# Como construir lapiz electrico?



## osk_rin (Jul 25, 2011)

que tal compañeros, estaba navegando por internet y me encontre con este aparato que llaman "lapiz electrico" asi es que me puse a buscar informacion al respecto, sobre la construccion del mismo pero no encontre nada, les dejo el video que encontre haber si alguien tiene idea de como es que se hace este aparatito que sirve para grabar metal,


----------



## gonzalocg (Jul 25, 2011)

Es muy interesante, es parecido al principio de funcionamiento de las maquinas soldadoras a arco, que es una circulación de corriente elevadísima por un pequeño punto, lo que aumenta la temperatura del metal rápidamente derritiendo la soldadura, uniendo los metales a soldar.

este lápiz usa el mismo procedimiento, aunque aprovechando los golpes de energía que lanza una bobina cuando se colapsa su campo magnético a causa de la desconexión de uno de sus extremos(creo que es así, si no corríjanme), pero básicamente, en la construcción no hay nada extraordinario, solo imagínate un relé, con carcasa transparente, conéctalo de la forma que indica la imagen, e imagínatelo funcionando, se producirán oscilaciones que aran que aparezcan el circuito, específicamente, entre los contactos del interruptor del relé... ahora construye el circuito en un lápiz, y que ahora los contactos del relé serán reemplazados por la placa a grabar y la punta del lápiz, por lo que la chispa se producirá entre ellos y derritiera el metal, grabando el metal.

Entre más vueltas la bobina tenga mayor energía, pero también mayor resistencia (la del alambre de cobre) por lo que deberás equilibrar esto, pero también, considera que entre más voltaje je entregues al circuito mayor energía igualmente... tu calcula a lo que necesites, considera que entre mayor energía tenga el sistema, la grabación será más profunda o más grande por decirlo así.
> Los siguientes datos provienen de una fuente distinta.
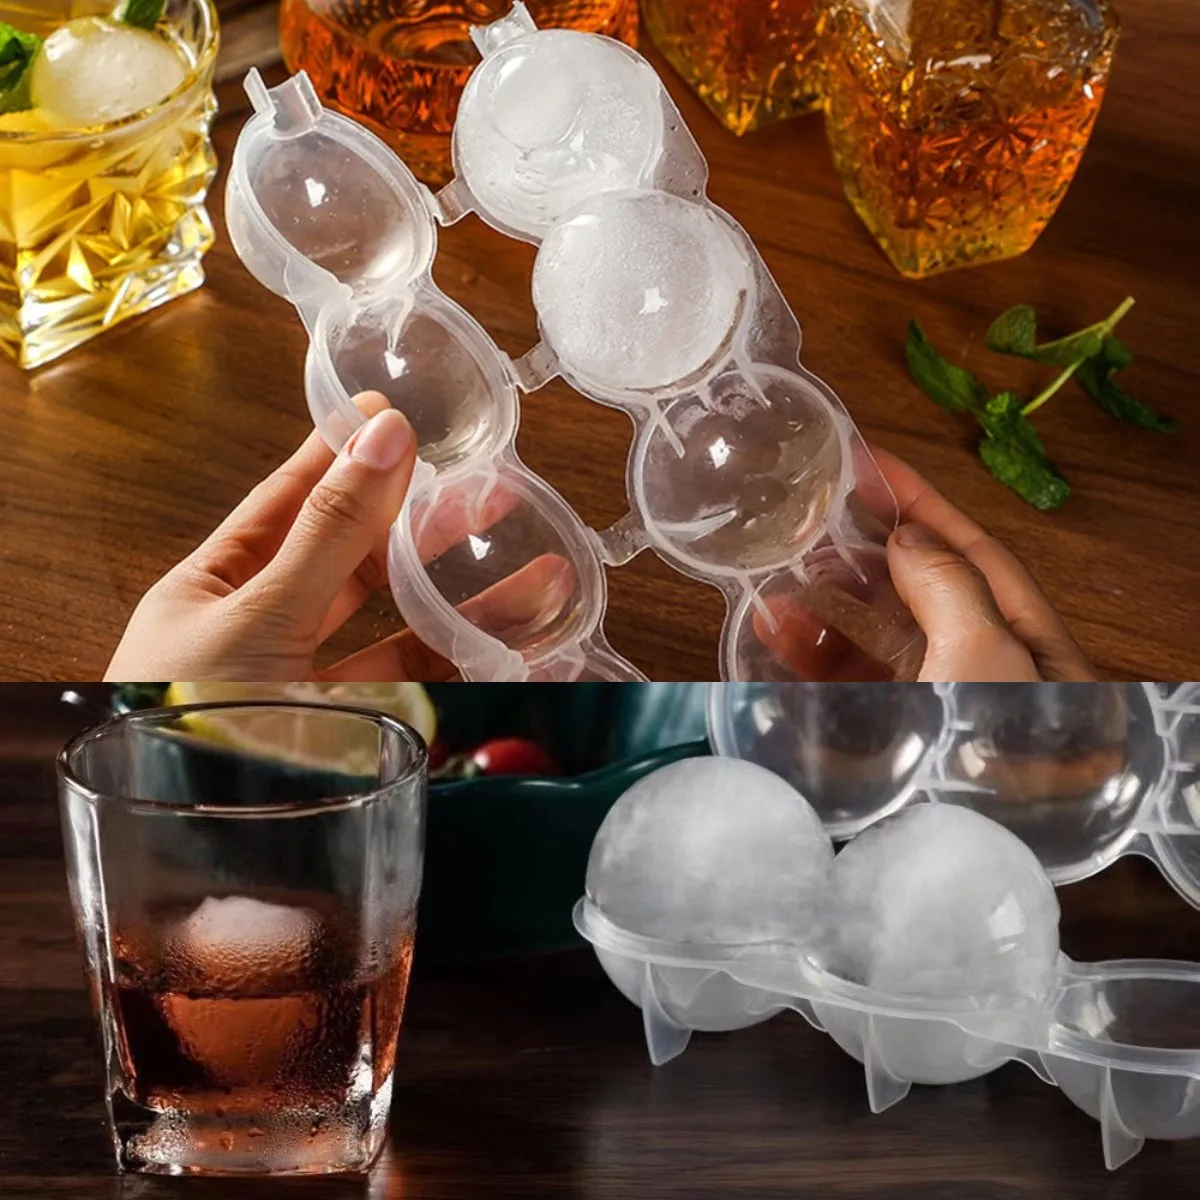 2 Packs Ice Cube Tray Plastic Ice Ball Maker Mold for Freezer 66 Pcs  Reusable Small Ice Ball Maker Circle Ice Making Tray Mini Round Ice Cube  Maker

Con ver el video tendrías que imaginártelo funcionando y, una vez que lo vez funcionando en tu mente, deberías imaginarte como construirlo... en eso se basa casi toda la construcción de circuitos, en ver funcionar algo, entenderlo, y después construirlo... aunque creo que el que inventa el circuito los hace al revés.


----------



## malesi (Jul 25, 2011)

Un poco más de información.


----------



## osk_rin (Jul 25, 2011)

gonzalocg. 
muchisimas gracias por la explicacion teorica, ya la é analizado y me ha dado una mejor idea 

malesi.
perfecto, no sabia concretamente como es que se llamaba pero ahora lo se "pluma de edison", el documento que agregaste, esta muy completo, hasta con lista de materiales solo falta ponerse a fabricarlo y ponerle unos agregados como una fuente varible para regular la potencia 

gracias por su valiosa ayuda.


----------



## osk_rin (Jul 28, 2011)

no me funciono, me han de faltar muchos detalles en la construccion del mismo.


----------